Jika influencer bisa menjadi pemicu orang untuk mulai gemar membaca, maka itu adalah peluang besar. Masalahnya, apakah setelah membaca buku tersebut, si pembaca merasa mendapatkan sesuatu yang bermakna, atau justru merasa tertipu karena isinya ternyata hanya omong kosong yang dikemas cantik? Kekecewaan pembaca pemula adalah tragedi yang lebih besar daripada sekadar buku yang buruk.
Mencari Titik Tengah yang Bermartabat
Sebenarnya, tidak salah jika seorang influencer ingin menulis buku. Masalahnya bukan pada status mereka, tapi pada prosesnya. Jika sang pesohor mau serius belajar menulis, melakukan riset, dan benar-benar mencurahkan pikirannya ke dalam kertas, maka karya mereka bisa menjadi sangat kuat karena mereka punya jangkauan suara yang luas.

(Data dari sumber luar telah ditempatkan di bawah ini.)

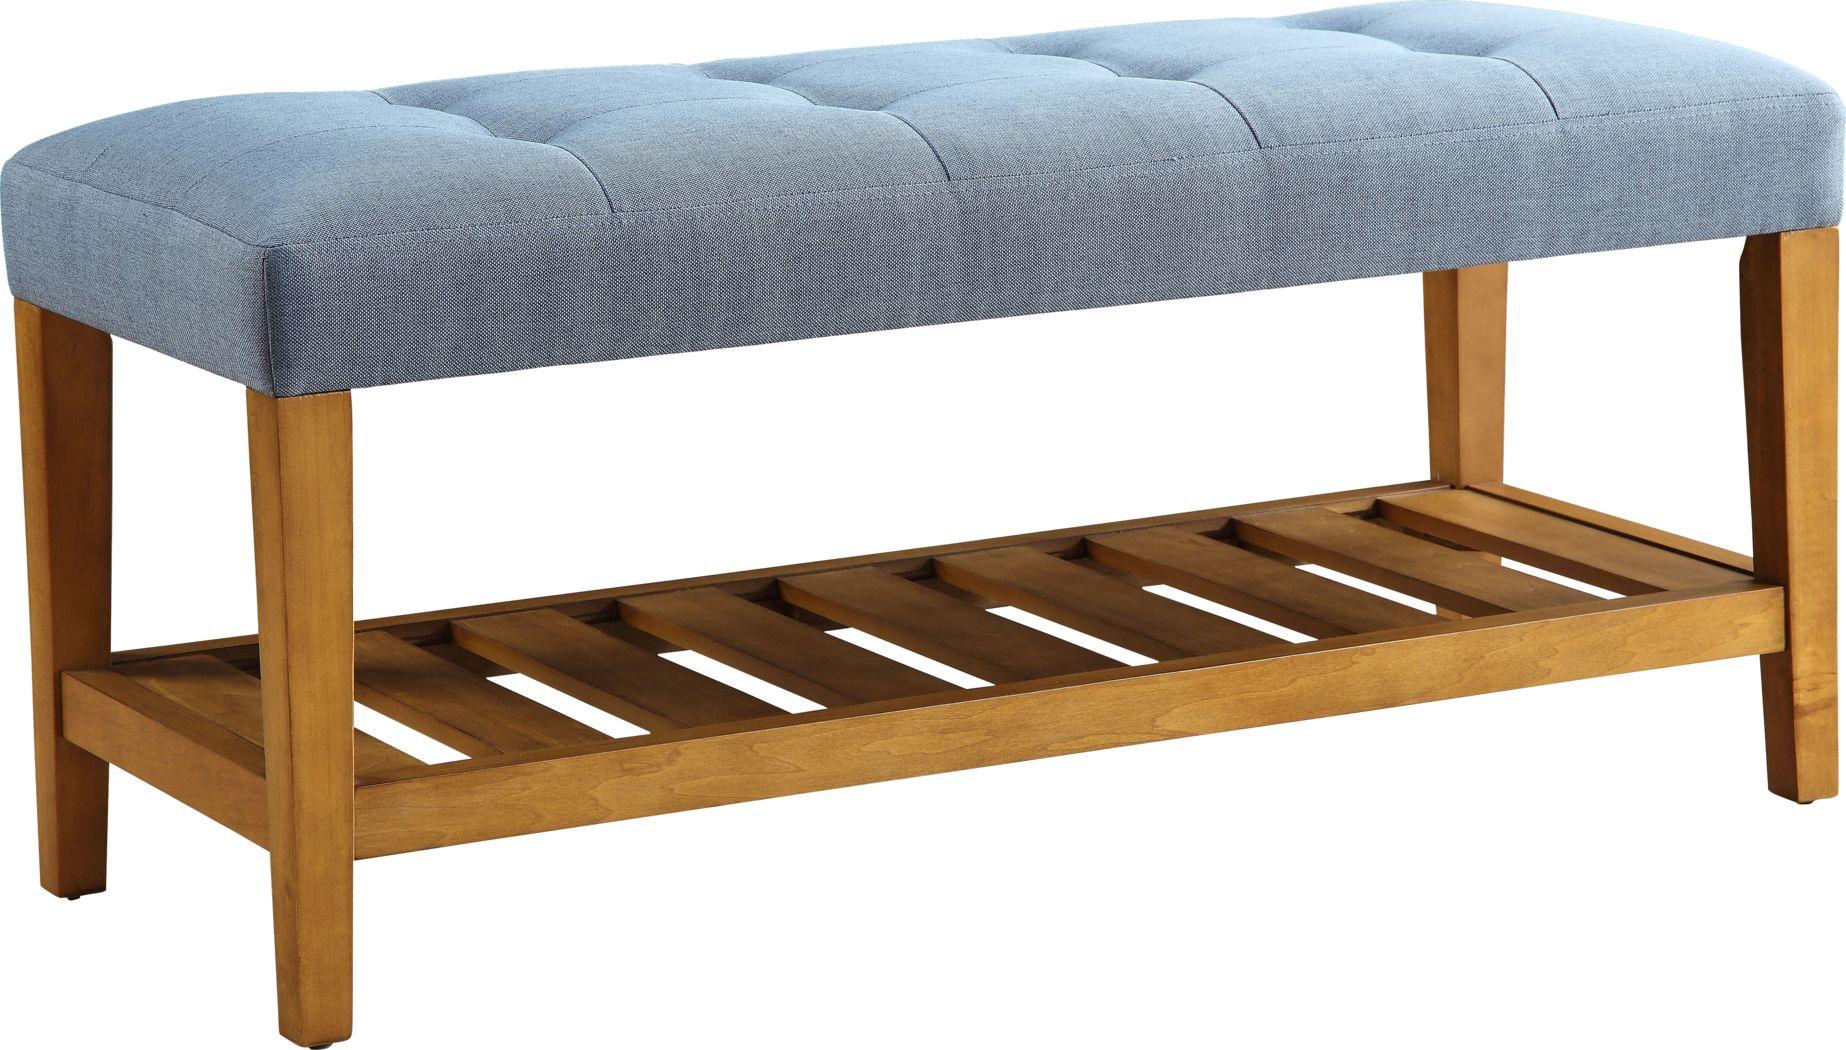 Cacia Blue Bench

Tragedi terjadi ketika semua pihak—penerbit, penulis, dan pembaca—hanya mengejar keuntungan jangka pendek tanpa peduli pada warisan intelektual. Kita butuh kolaborasi yang lebih bermartabat. Penerbit jangan hanya mengejar angka follower, tapi juga harus berani menagih kualitas konten kepada sang influencer.
Akhir Kata: Seleksi Alam Literasi
Pada akhirnya, waktu akan melakukan seleksi alamnya sendiri. Buku-buku yang hanya mengandalkan keviralan sesaat akan berakhir di gudang loakan atau menjadi pembungkus gorengan dalam waktu singkat. Sebaliknya, buku yang ditulis dengan hati dan pemikiran yang dalam, siapa pun penulisnya—apakah dia seorang profesor atau seorang selebritas TikTok—akan tetap bertahan melintasi zaman.
Jadi, influencer mendadak jadi penulis itu tragedi atau peluang? Jawabannya ada di tangan Anda sebagai pembaca. Jika Anda tetap kritis dan tidak hanya membeli buku karena sampulnya yang glowing, maka industri literasi kita akan tetap sehat. Namun jika kita semua hanya memuja popularitas tanpa mempedulikan isi, maka bersiaplah melihat literasi kita pelan-pelan mati dalam keriuhan yang dangkal. Mari kita tetap menagih “daging” dalam setiap lembaran buku, bukan sekadar “remah-remah” konten yang dijilid dengan sampul mahal.